Using Sensor Data and FORTRAN Dispersion Models to Understand the Air

Dr. Stohl and his counterparts utilized FLEXPART dispersion modeling and an inversion algorithm in order to forensically determine how much radioactive material was released as a result of the damage rendered to the Fukushima Daiichi nuclear plant during Japan’s 2011 earthquake. FLEXPART is a Lagrangian particle dispersion model. There are two main types of air pollution dispersion models, Eulerian grid-point models and Lagrangian models. FLEXPART, was originally developed by Dr. Stohl in order to model long-range dispersion of radioactive substances in the event of a nuclear power emergency. The Lagrangian air pollution dispersion model is unique because it has no fixed grid system and instead follows the motion of computational particles which can represent either real particulates or gases. It moves the particles with the large-scale winds taken from meteorological analysis or forecast data and has a stochastic description of motions that are unresolved in the meteorological input data. As particles disperse, and within a moving frame of reference, the model calculates statistically probable trajectories based on particle motion. The FLEXPART model utilizes the Langevin equation and components of the Wiener process in order to model particle dispersion under turbulent conditions. It was developed for modeling particle dispersion from local scales of just a few kilometers, all the way up to global scales in the case of world-wide contaminant dispersion.

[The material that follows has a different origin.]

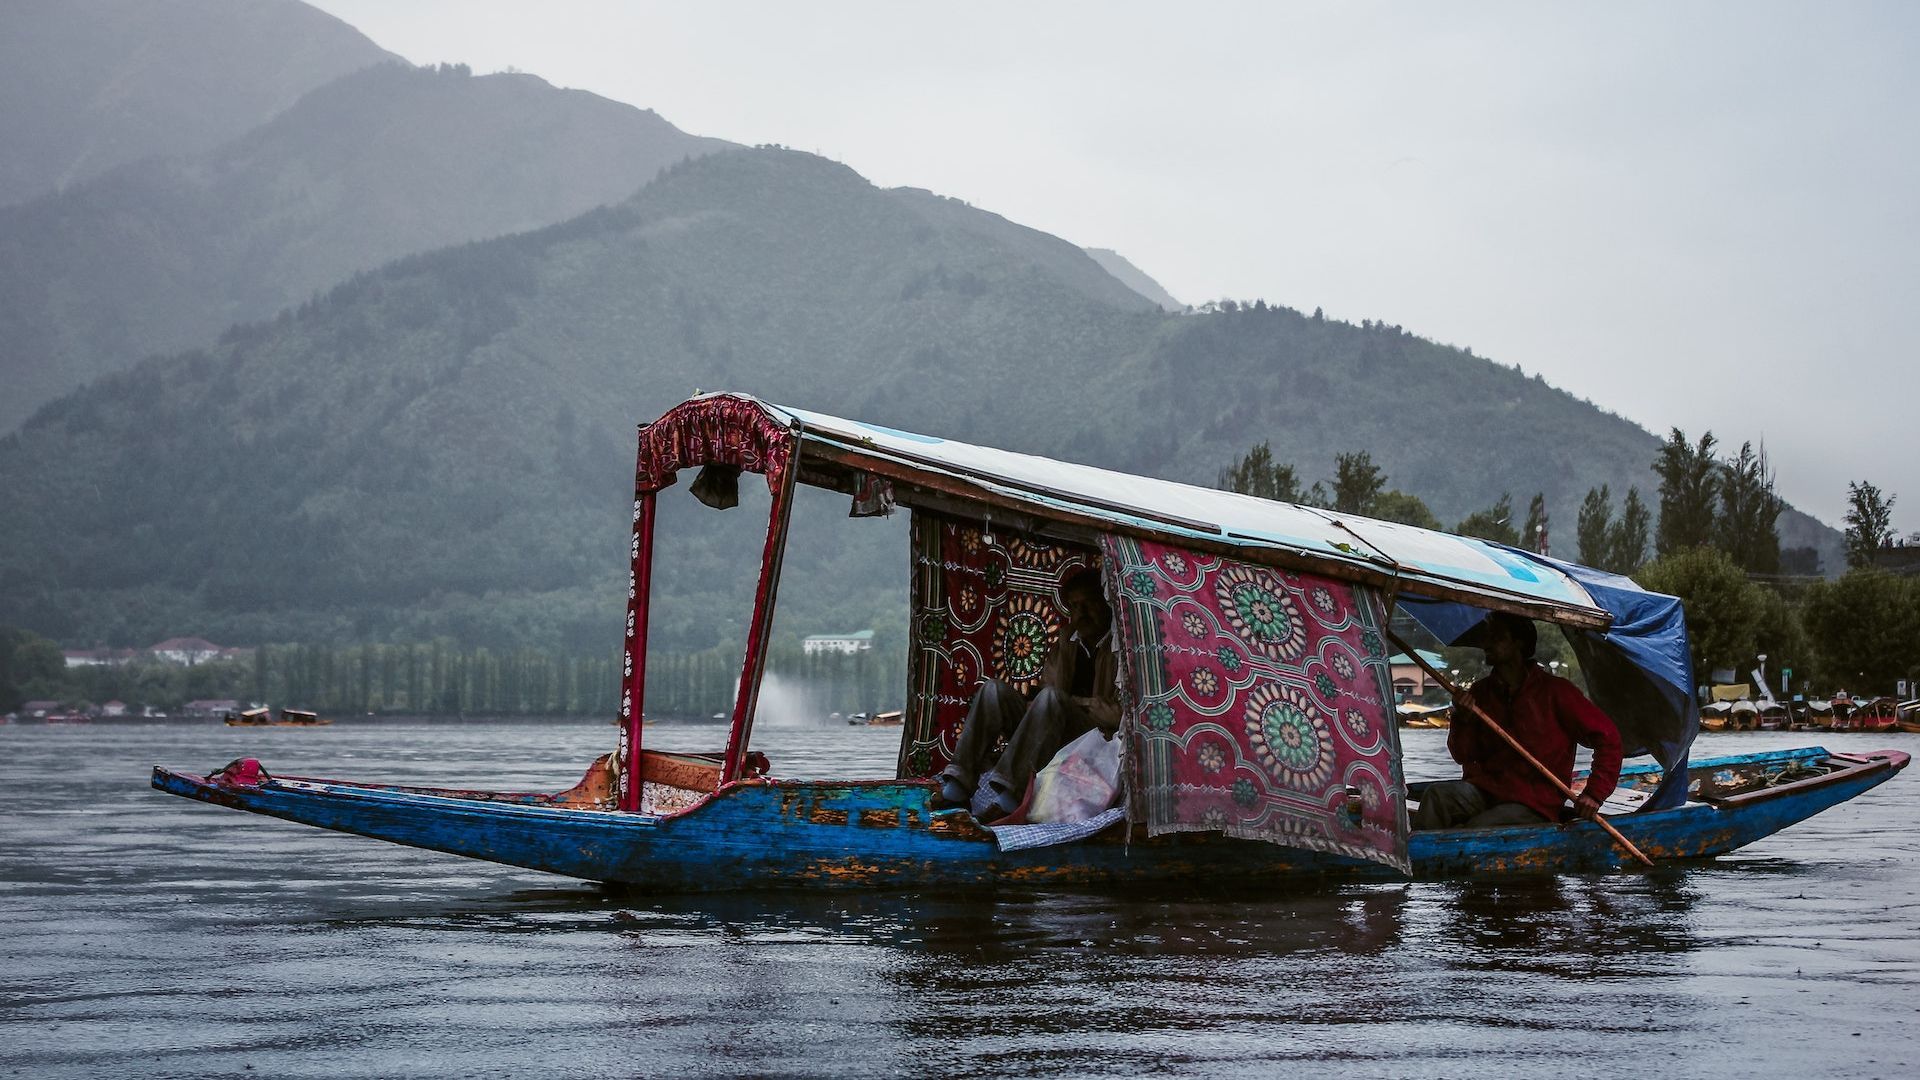 Dal lake, Kashmir | Pirie, Helen R. | V&A Explore The Collections
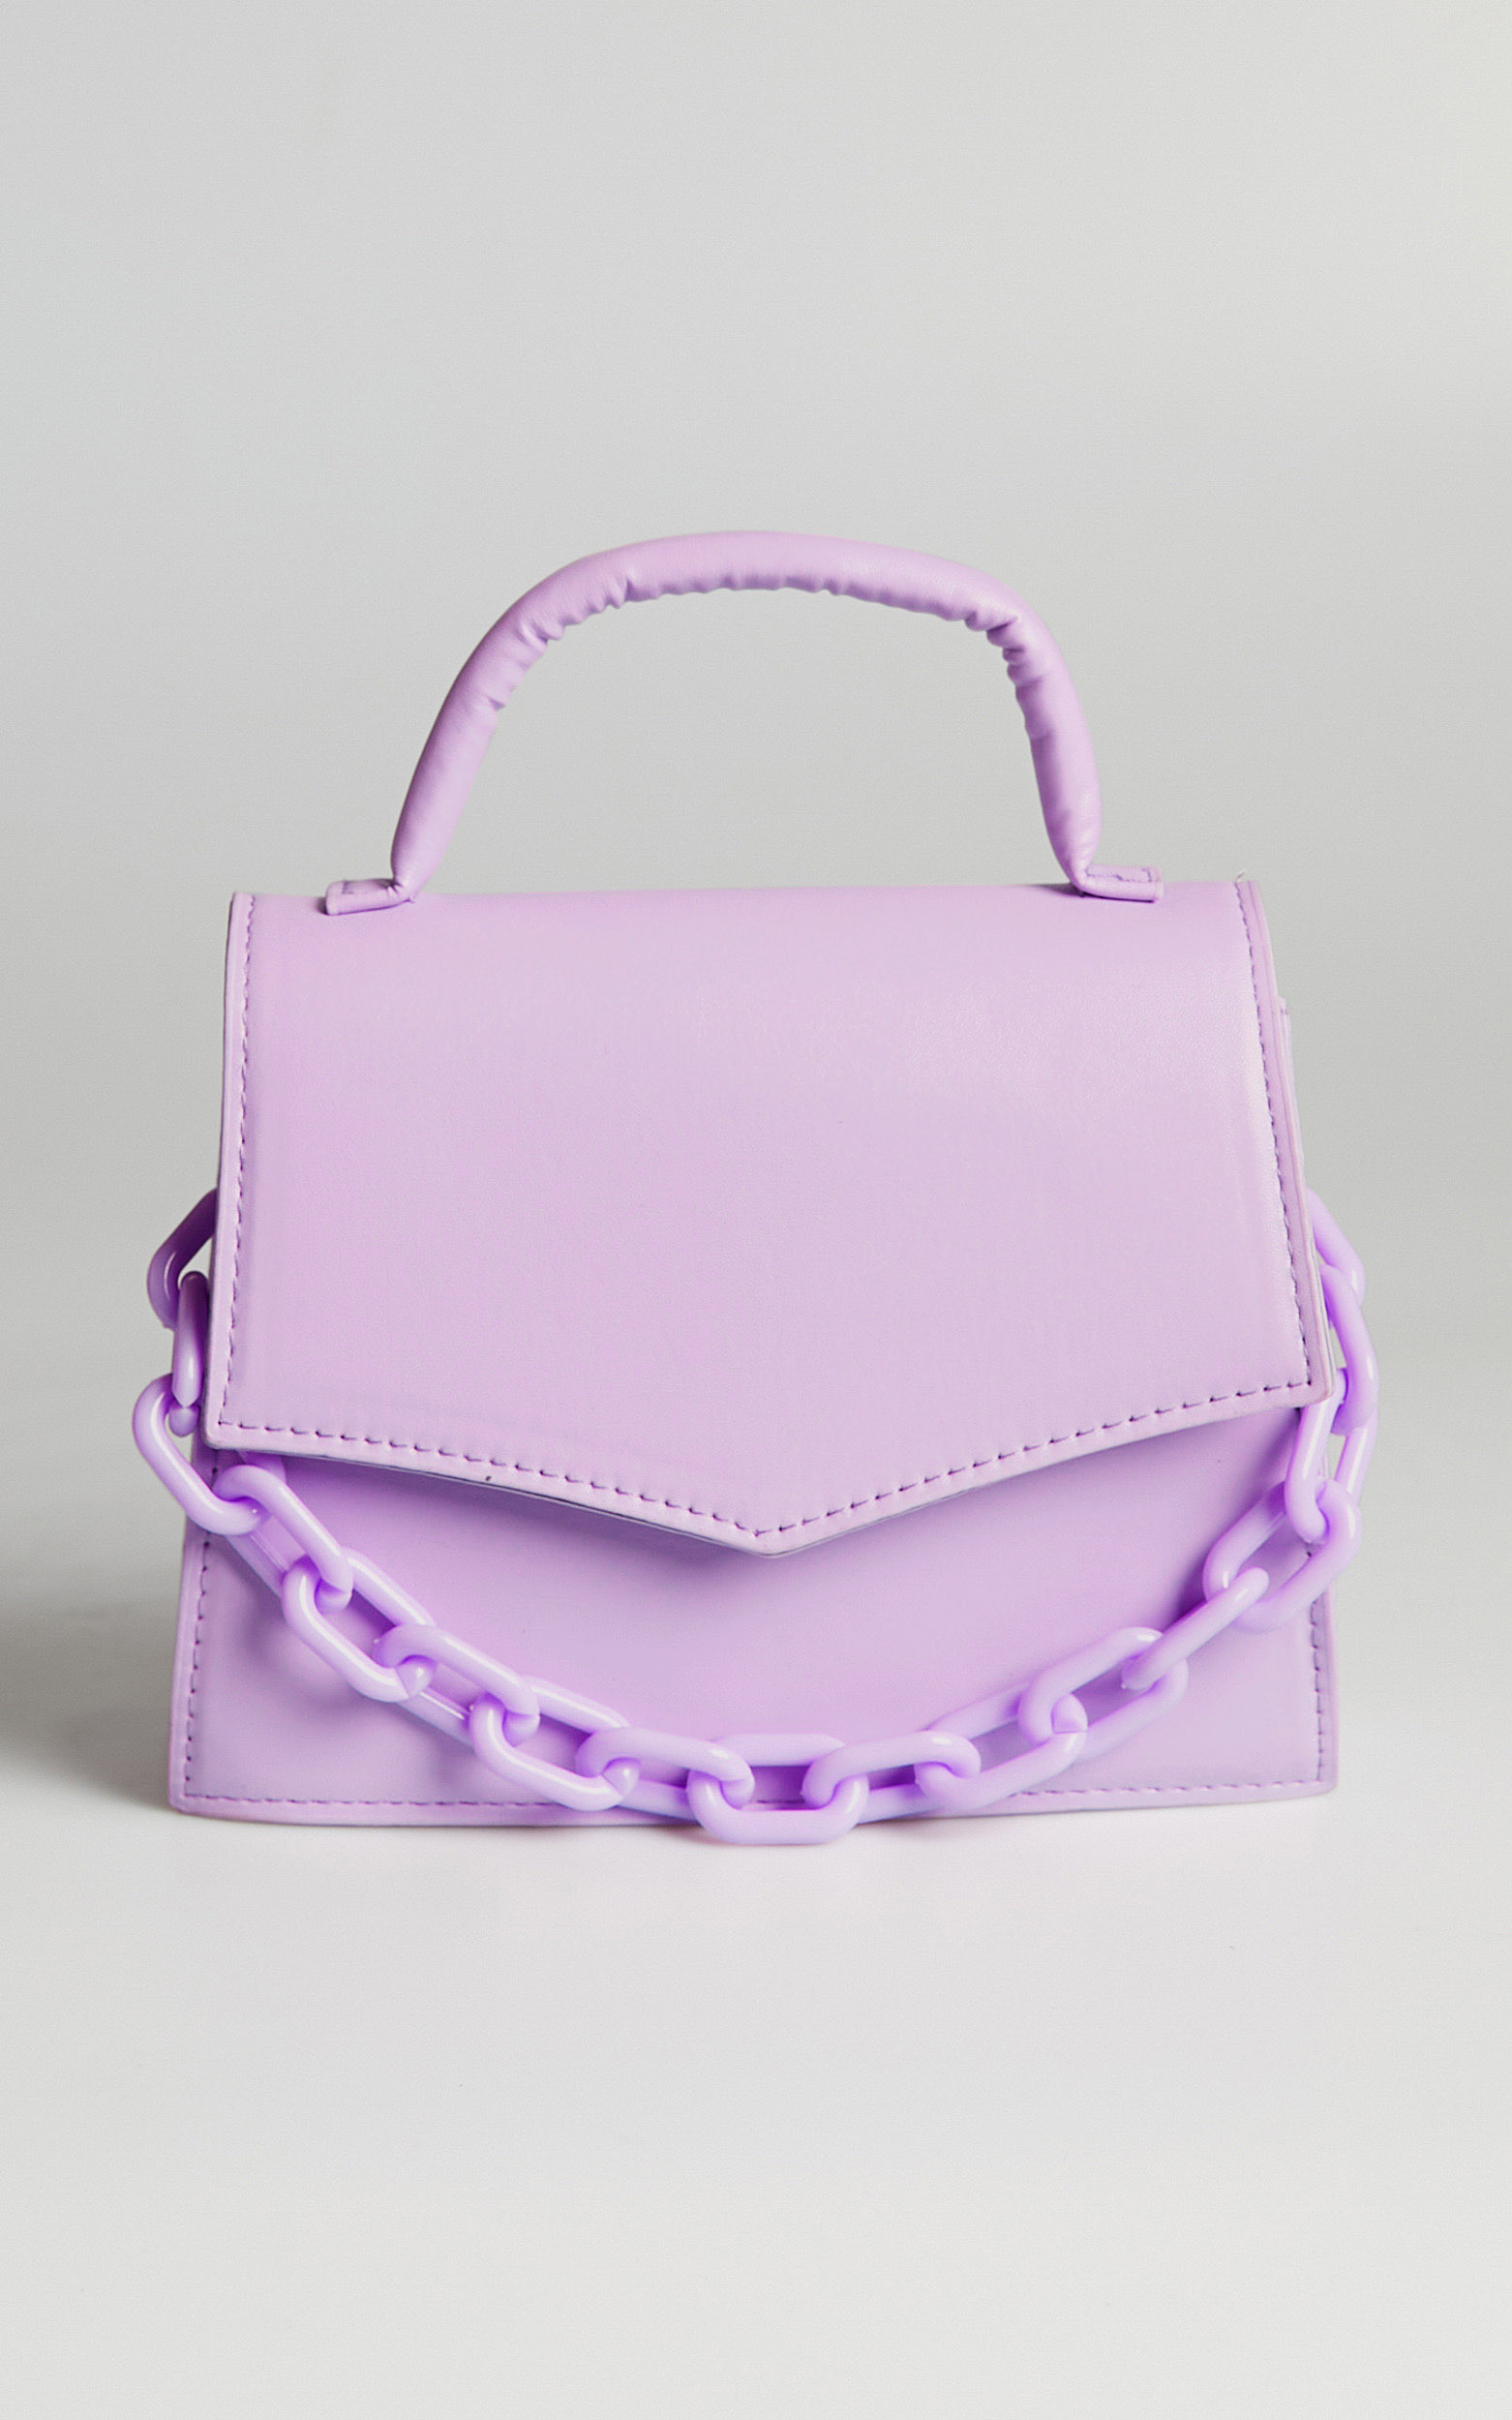 Rimona Bag in Lilac - NoSize, PRP1, hi-res image number null

Both the FLEXPART model and the inversion algorithm are built in FORTRAN. FORTRAN is an imperative programming language that is optimal for science, engineering, and mathematical data processing. In his modeling analysis, Dr. Stohl utilized sensor data that is continuously being collected by the United Nations, on a global scale, as part of the Comprehensive Nuclear Test Ban Treaty Organization (CTBTO). The large number of FLEXPART model calculations and unknowns in the inversion process, as well as the large number of observations, necessitates that FORTRAN be used to process the data, rather than some lighter, more novel method like Hadoop processing, Python scripting, R scripting, or MATLAB.

The FLEXPART component of the analysis simulates and predictively models the transport and spread of radioactive materials released at different times of the accident as well as at different release heights (e.g., during explosions). The inversion algorithm is used to retroactively determine emissions rates based on material transport patterns and upon quantities of radioactive material detected at the CTBTO monitoring stations. This inverse model utilizes LAPACK, the linear algebra software library for use in FORTRAN, in order to quickly perform advanced statistics on incredible volumes of model data and time-series data that are being collected at each of the stations.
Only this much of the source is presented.